Composer, poet and Byzantine abbess Kassia is considered to be the first European composer whose work is preserved to this day and plays an important role in European (music) history.  She was born in Constantinople in 810 and was a mysterious person, not only in terms of her musical oeuvre. In fact, she was also a writer of astounding radicality who not only created sacred poetry but also secular texts of which more than 250 still exist in the form of epigrams. Finally, Kassia was also a political figure who dared to use her rhetoric skills to confront emperor Theophilos when he was looking for a bride.

Avatar von Kassia

Kassia serves as an early feminist and cosmopolitan role model. Her work was used as a starting point by Kainkollektiv and various other artists, scientists and institutions from Germany, Poland and Turkey to create a multidimensional and multilayered project comprising the opera performance KASSIA and the (digital) KASSIA conference.

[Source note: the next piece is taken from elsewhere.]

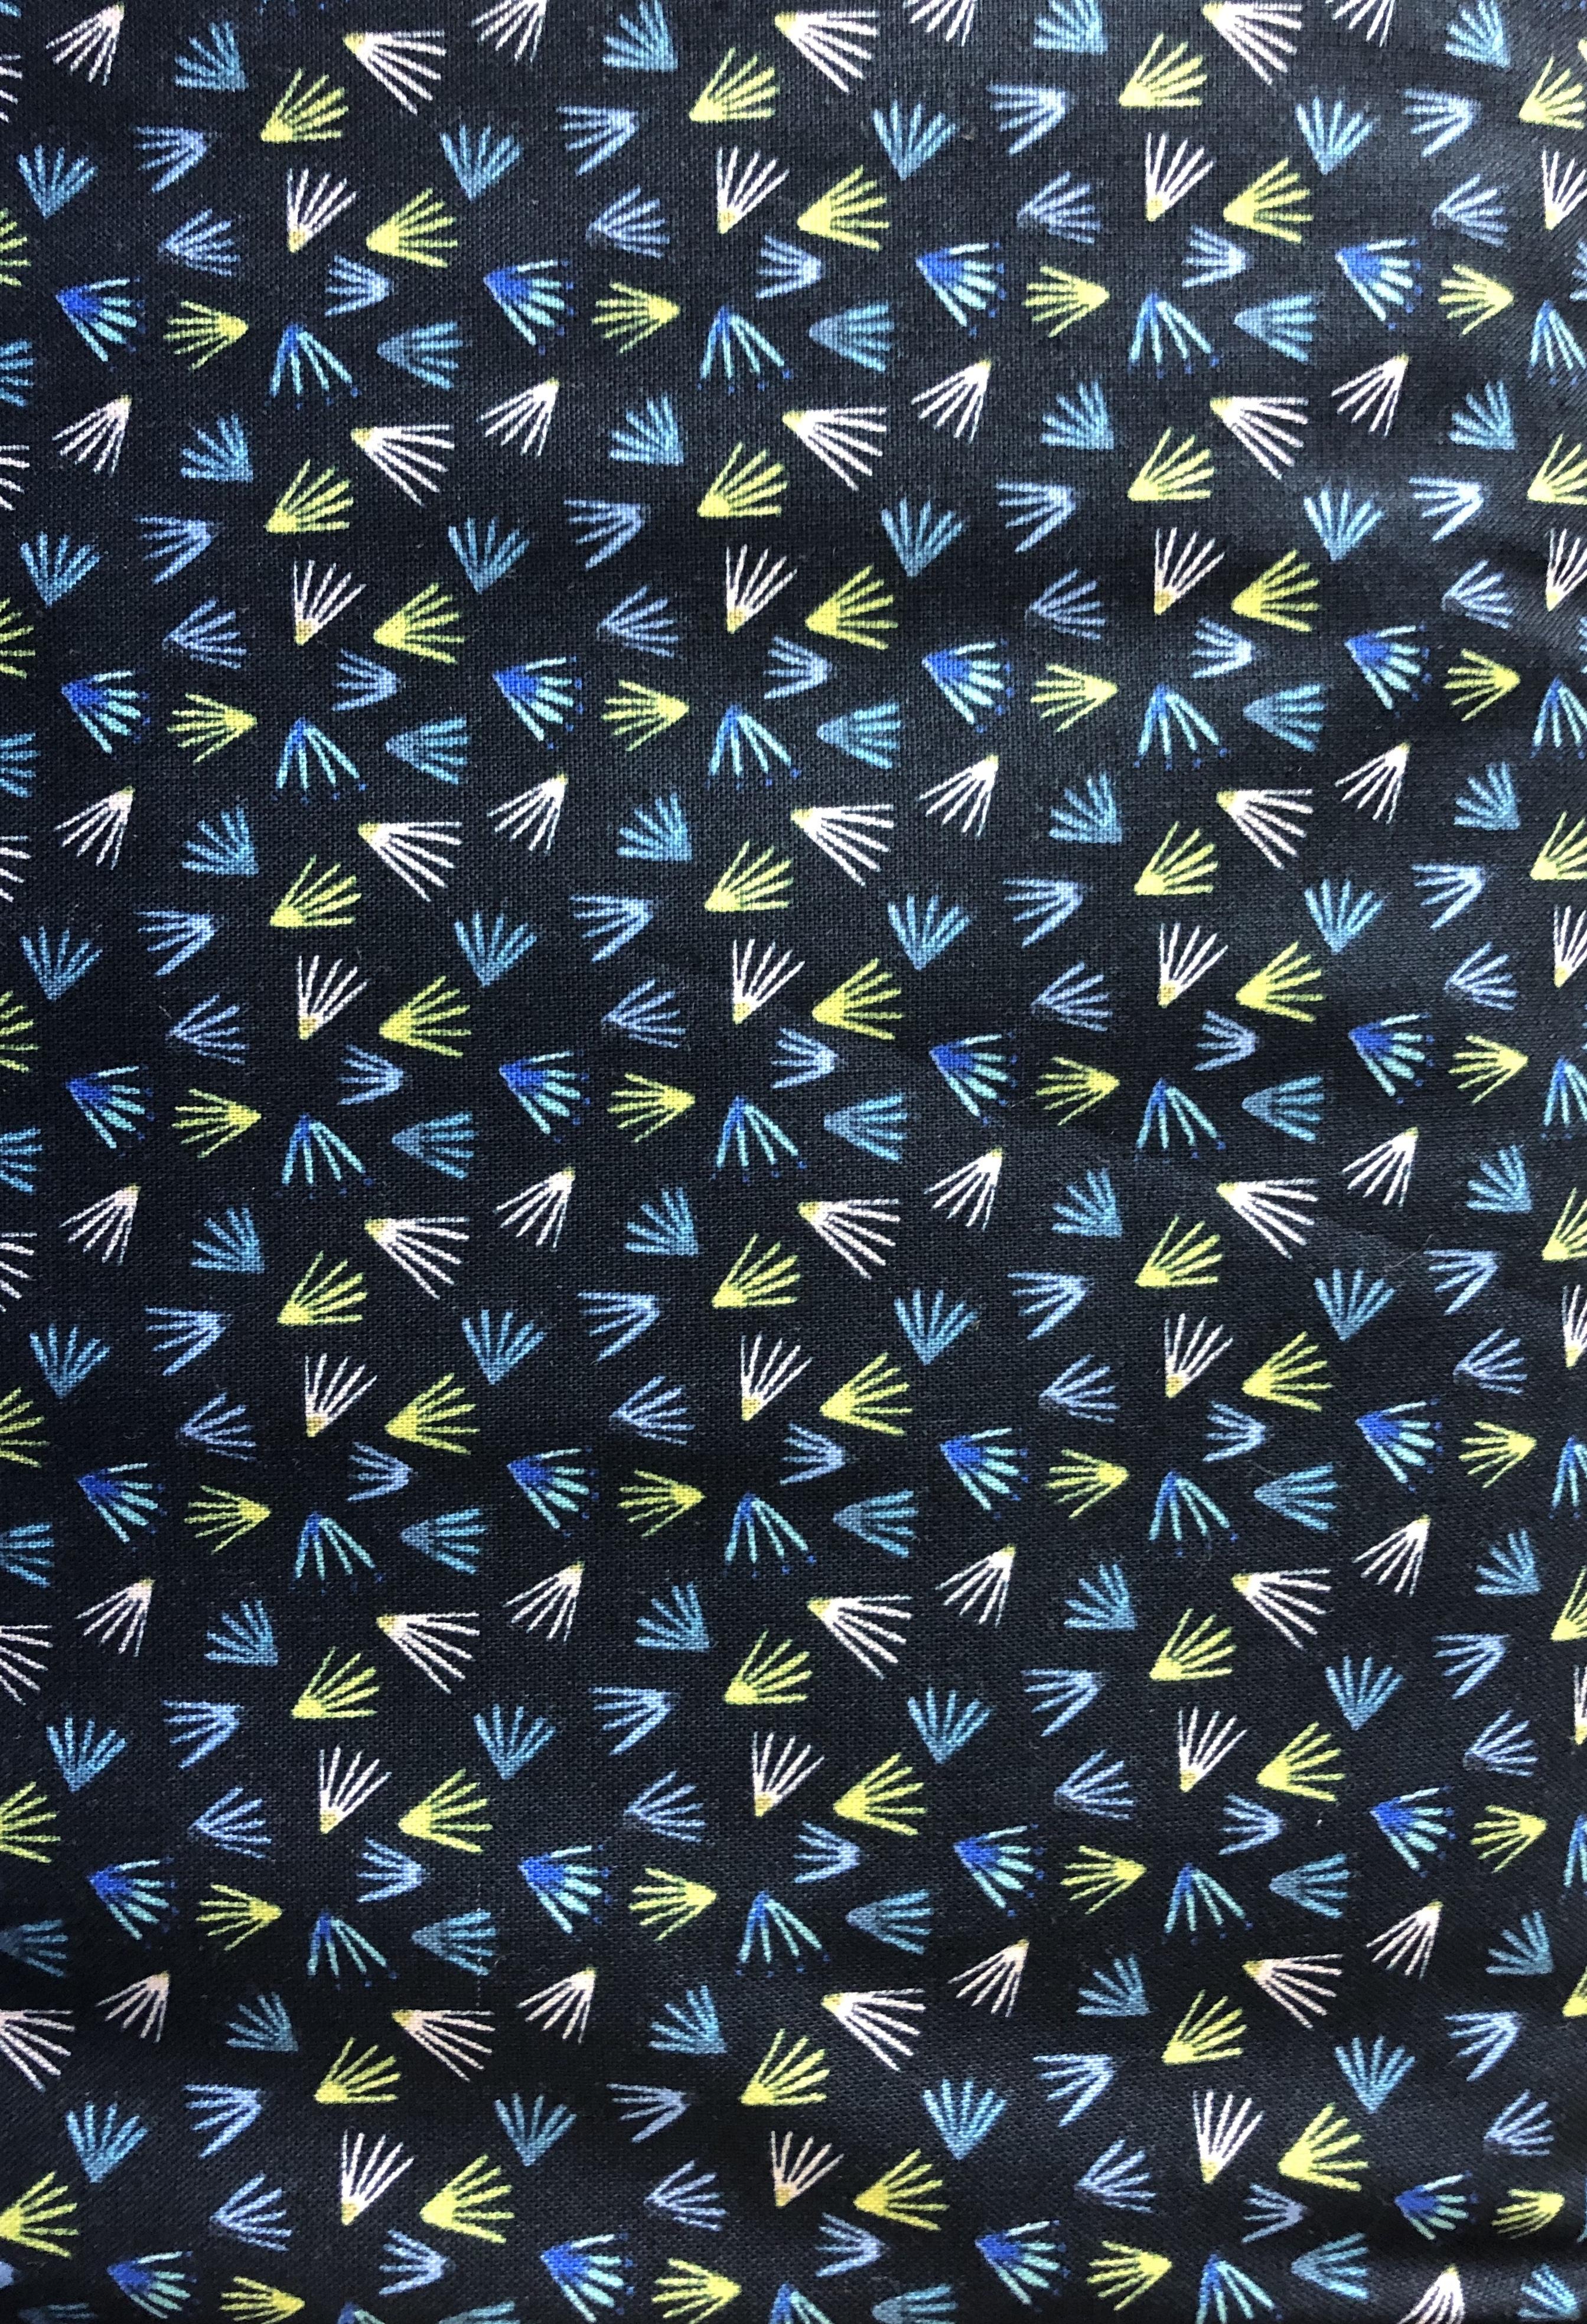 Field Day - Windham Fabrics - 1/2m cut 56368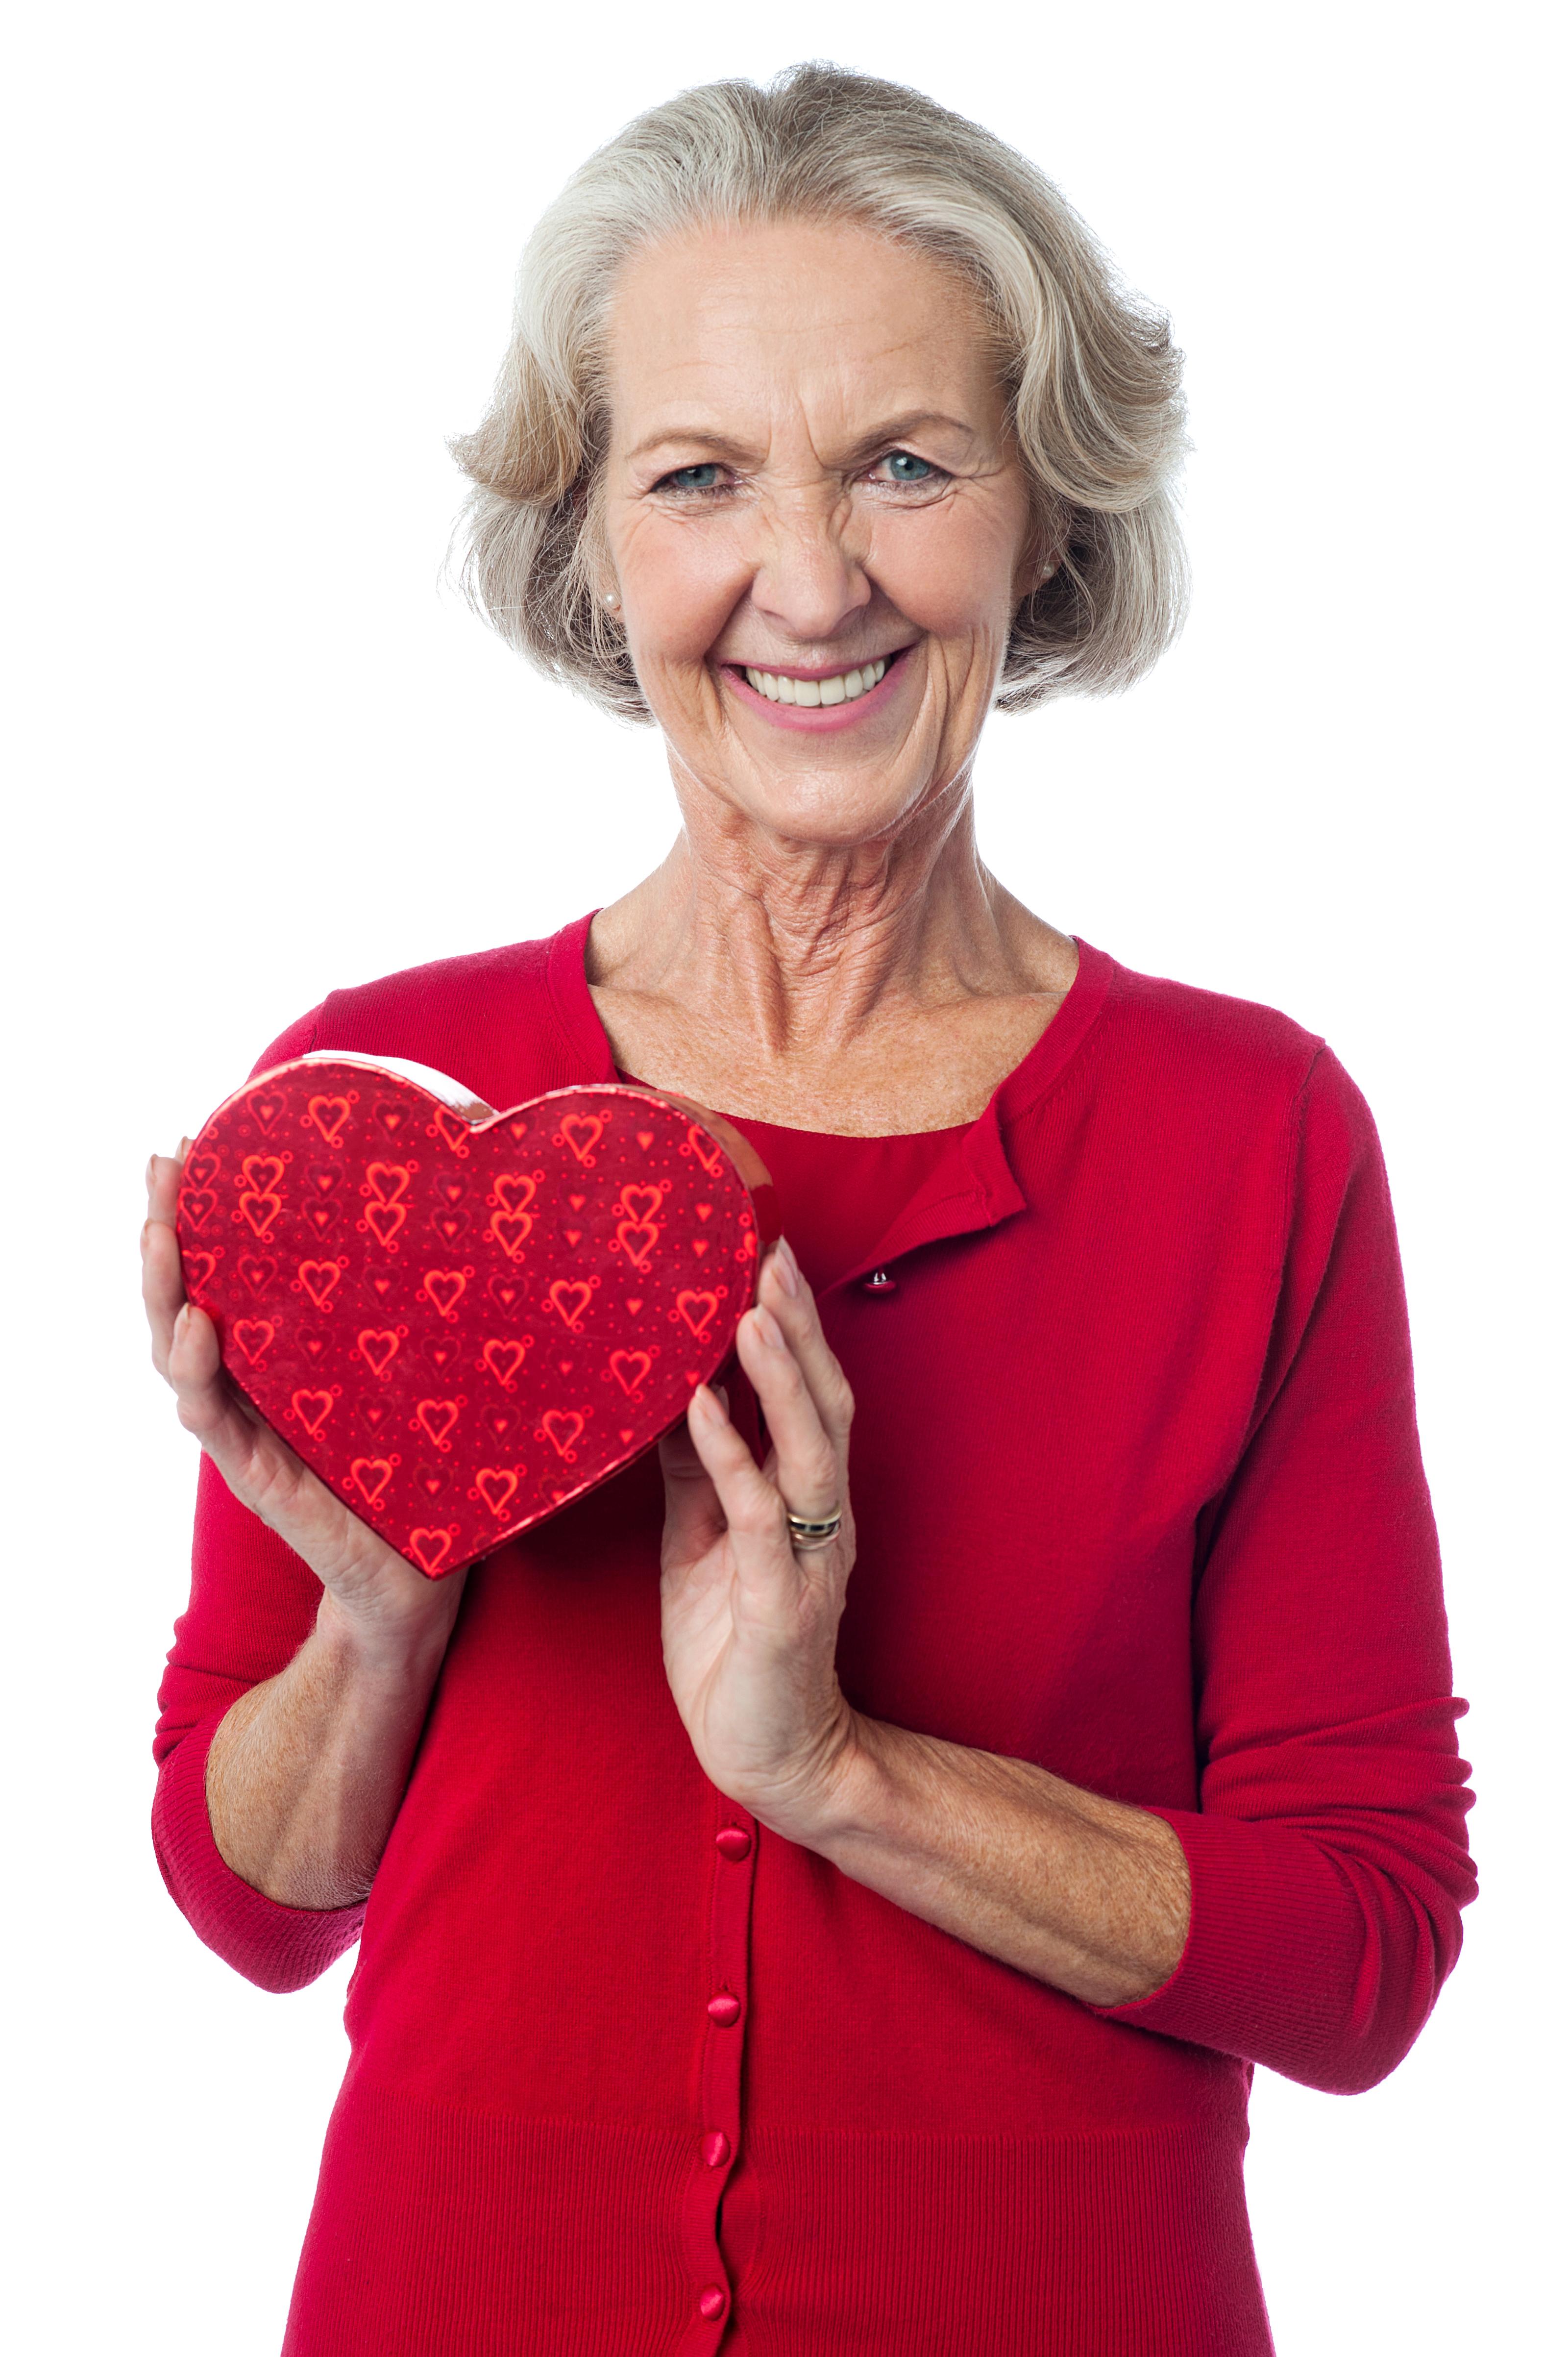 Granny PNG Image.

Now, the KASSIA online exhibition/the KASSIA archive is emerging and aims at making all the project parts visible and interactively connected. The website will digitally review and collect the contents from past conferences and create novel approaches to the history of feminism. For the opera performance, an interactive installation was created, which invited visitors to adorn themselves with digital opera masks in AR. In combination with a self-written statement, users were able to include themselves in the gallery and thereby become part of the movement. This and other participative approaches will be available in the online archive and provide new perspectives on the topic. Moreover, the highly branched collaboration with artists and collectives from numerous countries who create a multi-perspective access leads to a broad insight into the topic of female empowerment.

While walking through the digital monastery, the website users are constantly accompanied by Kassia. For this purpose, a digital representation of the Byzantine nun was created and brought to life via motion-captured recordings of dancers from the opera ensemble.